Tweet active Safari tab from command line

Mar 09, '09 07:30:00AM

Contributed by: Anonymous

I wrote a small Ruby script which allows me to post my currently-active Safari tab on Twitter, including the possibility of adding hashtags. Here's the code, though you you'll find any updates to the script over here, and a bit more detail can be found in this blog post.

#!/usr/bin/ruby -W0
 
=begin
Quick and dirty way to tweet the currently active
Safari tab (title + shortened URL). Hashtags get
passed in as parameters (the hash sign gets added
by the script, so don't do it yourself)
 
Adapt to your needs!
=end
 
# I don't believe in requiring rubygems itself
#require 'rubygems'
require 'highline'
require 'rbosa'
require 'ShortURL'
gem('twitter4r', '0.3.0')
require 'time'
require 'twitter'
 
# OSA stuff to get to the active Safari tab
OSA.utf8_strings = true
tab = OSA.app('Safari').windows.first.current_tab
 
tweet = "#{tab.name} - #{ShortURL.shorten(tab.url)} "
ARGV.each { |tag| tweet << "##{tag} " }
 
unless tweet.length < 140
  puts "Tweet too long :-("
  exit 1
end
 
# I didn't feel like having my pw in the file
# therefore using highline to ask for it
hl = HighLine.new
twitter_user = 'your_twitter_username'
twitter_pass = hl.ask('Enter password: ') { |q| q.echo = "*" }
 
# post tweet
client = Twitter::Client.new(:login => twitter_user, :password => twitter_pass)
Twitter::Status.create(:text => tweet, :client => client)
This script uses the RubyOSA bridge for AppleScript support from within Ruby, as well as quite a few other gems (why reinvent the wheel?).

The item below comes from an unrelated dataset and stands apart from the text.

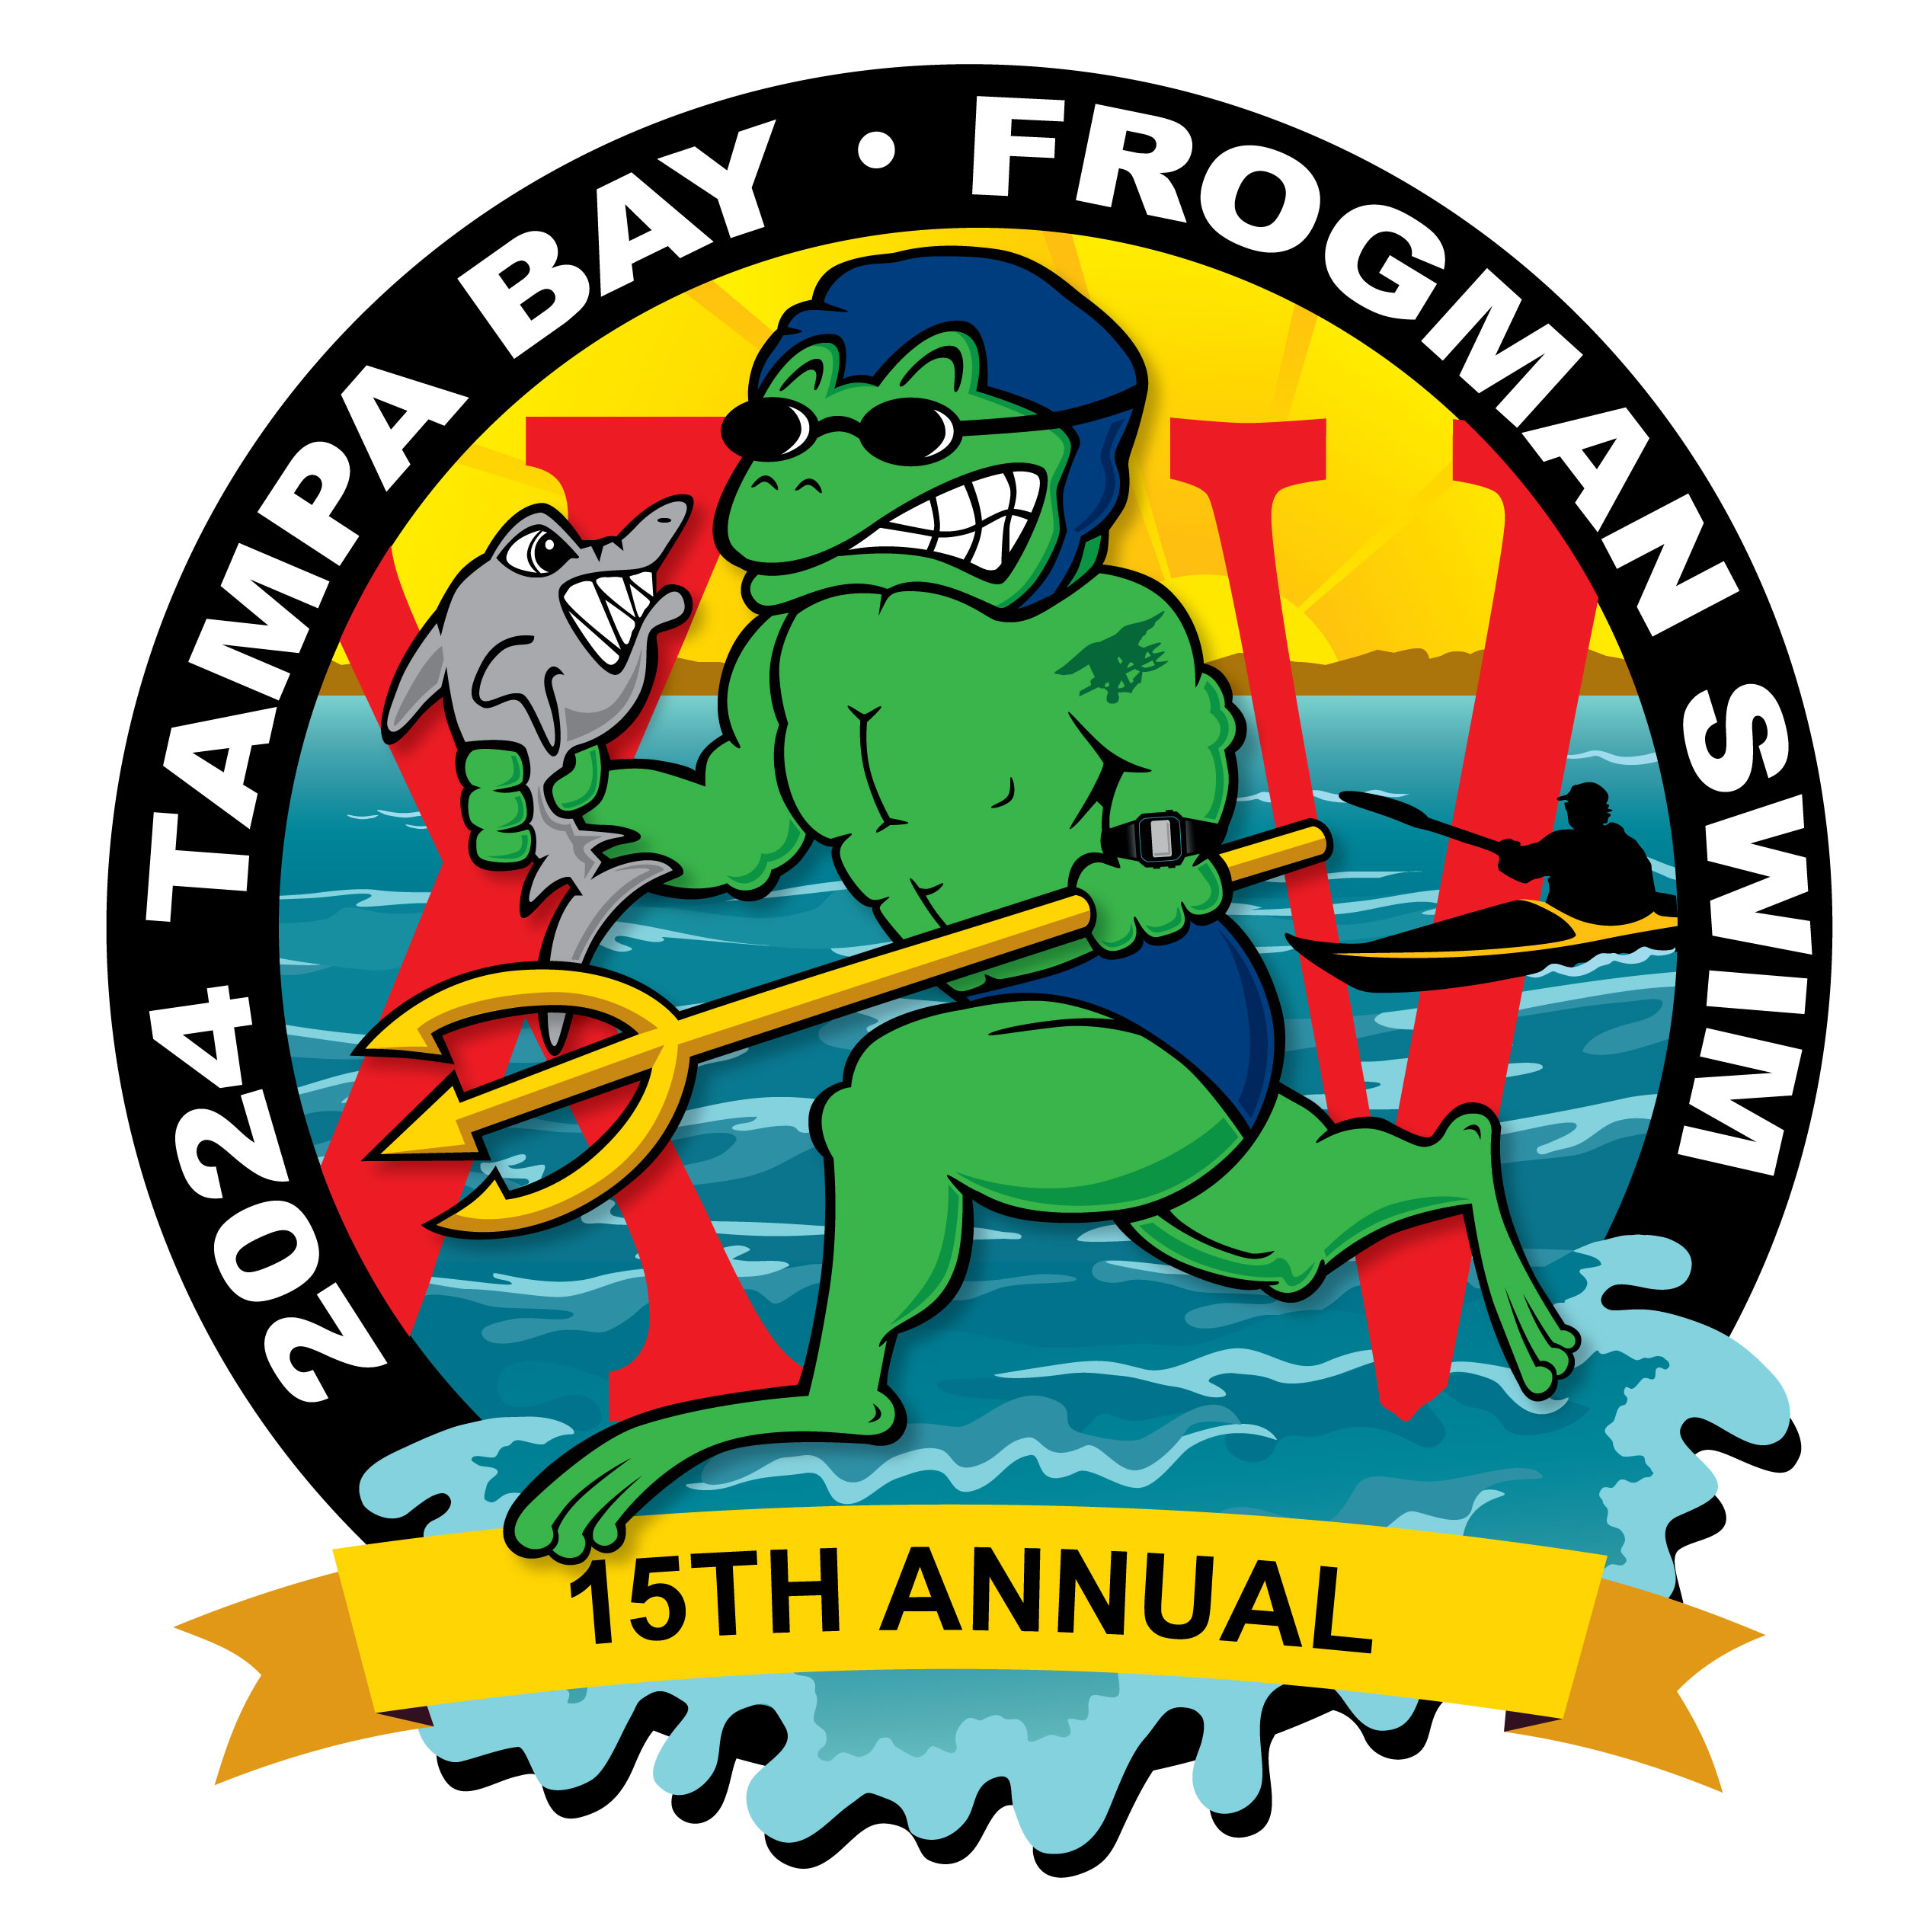 Tampa Bay Frogman Swim

[robg adds: If (like me) you're not a Ruby user, it will take a bit of effort to get this script to work. First, save the above as a text file somewhere on your path and make it executable (chmod a+x tweetsafari.rb). In order to get it working on my machine, I had to uncomment the require 'rubygems' line, and edit the twitter_user = 'your_twitter_username'. I also had to install some of the listed gems from the script. You can do this with the sudo gem install gem_name command. On my machine, I had to install rubyosa, shorturl, and twitter4r in order to get the script to work. Once I had all those bits, though, it worked as described, and tweeted a shortened URL version of my active Safari tab.]